Este lengüetazo zalamero de fecha fija no altera las estadísticas de feminicidios ni remunera igual a las mujeres que a los hombres en gran cantidad de cargos. La desigualdad está instalada en la mente del poder, ese poder que tiene infinitos lenguajes para encarnarse ha sido tan hábil a lo largo de los siglos que ha convencido a muchísimas mujeres de que el trato diferencial “es natural”, que la realidad biológica de los sexos justifica la amplia gama de diferencias económico-sociales. Y en el análisis superficial parece que las mujeres tuvieran lo que desean.

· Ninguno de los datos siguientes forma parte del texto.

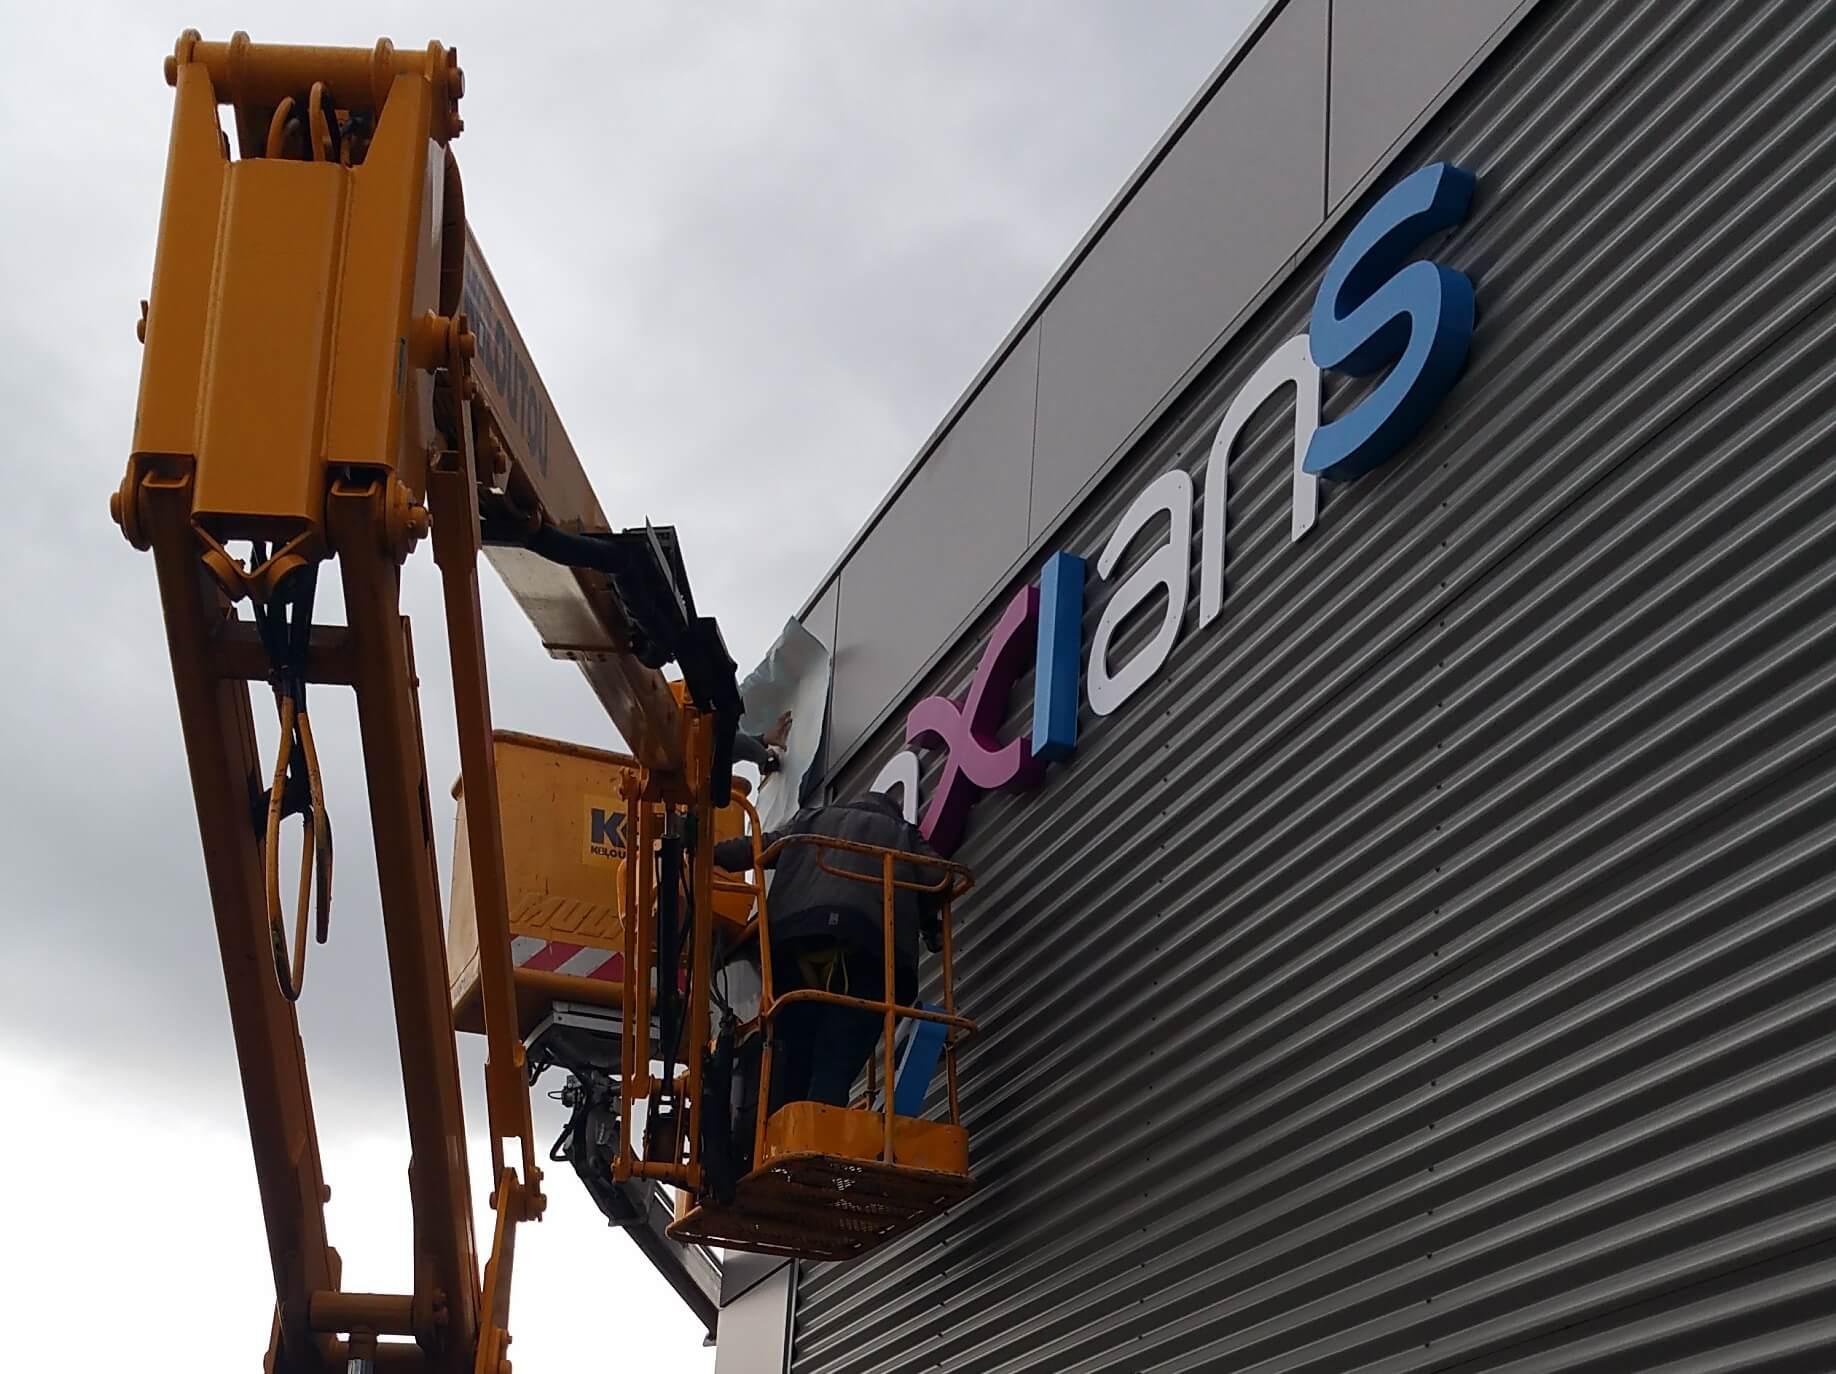 Installation enseigne lumineuse Axians Lyon -SES Lyon Grigny- Enseigniste

Una de las consignas de este 8 de marzo es la convocatoria a una huelga general que dice: “Si nosotras paramos, se para el mundo”, haciéndonos pensar en que todo el cuidado universal –desde la cuna de nacimiento hasta el lecho de la muerte– depende de las mujeres, actividades no remuneradas a las que se han aunado las que sí lo son, porque el dinero que habitualmente trajeron los hombres a la casa no alcanza. Cuando salieron a complementar los ingresos domésticos, simplemente duplicaron sus esfuerzos. Homo economicus dejó de servir como identificador de un rasgo humano porque la palabra homo no significa humanidad.

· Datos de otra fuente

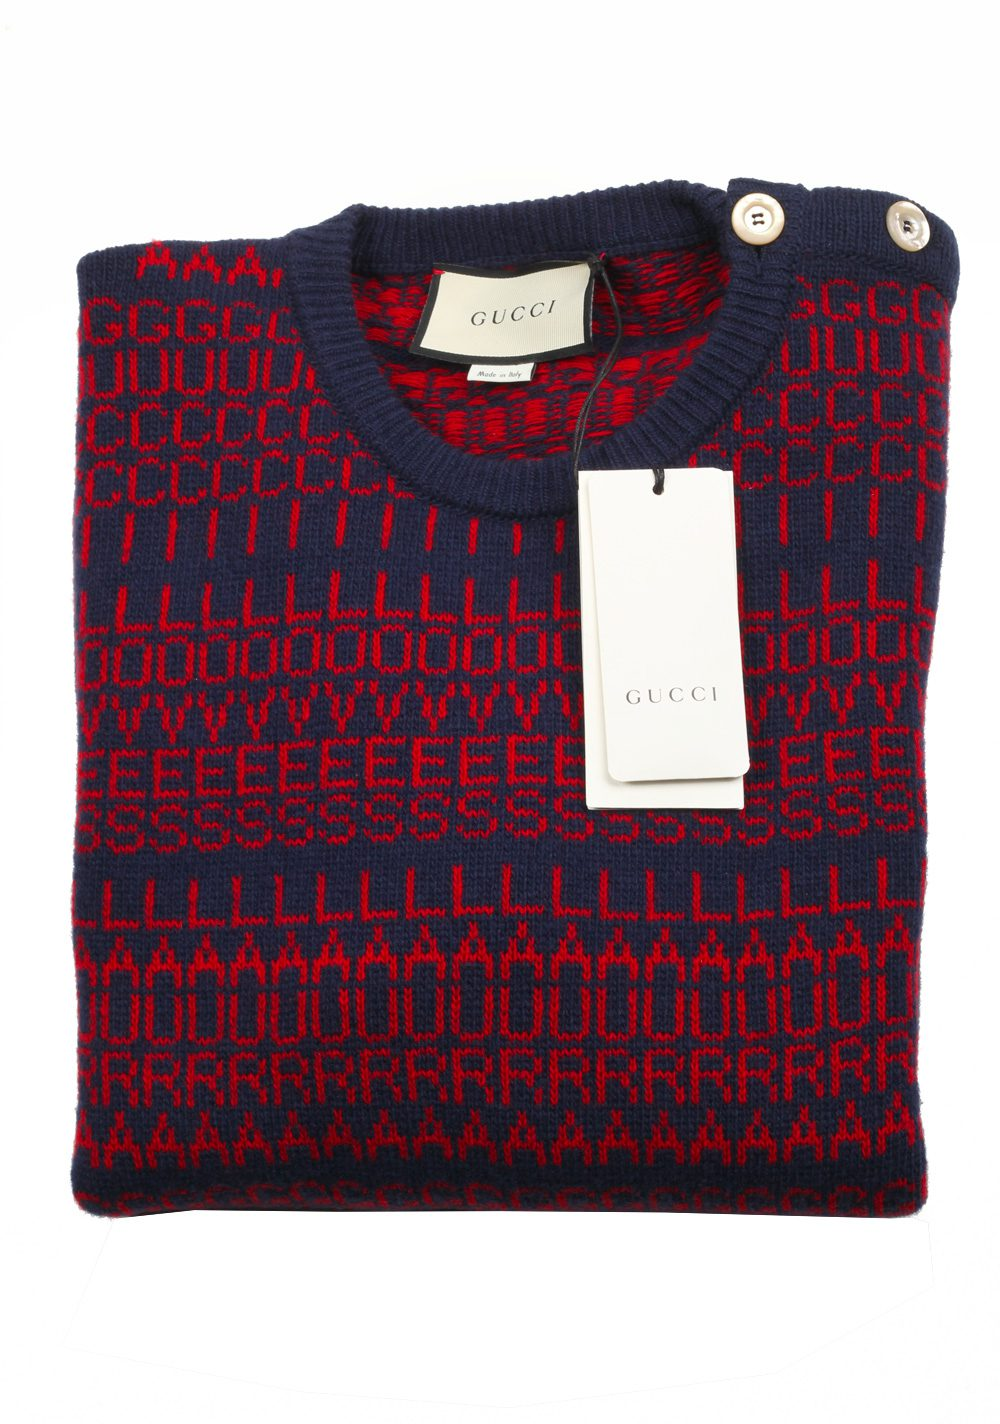 Gucci Blue Crew Neck Gucci Loves Laura Sweater Shirt Size XL / 40R U.S.   Costume Limité

Nos habituamos a la imagen de la mujer que trabaja, sin aceptar completamente que ese ser doblemente laborioso también es protagonista de luchas. Ha estado en ellas desde hace centurias, aunque una forma de contar la historia la haya invisibilizado. Ahora la mayoría femenina recibe el contingente masculino cuando este se convence de que hay razones para salir a la calle, exigir y presionar por un renovado aparataje legal que sostenga derechos. En esta dinámica la mujer ha conseguido mayor terreno en la vida pública. Pero sigue habiendo razones para luchar.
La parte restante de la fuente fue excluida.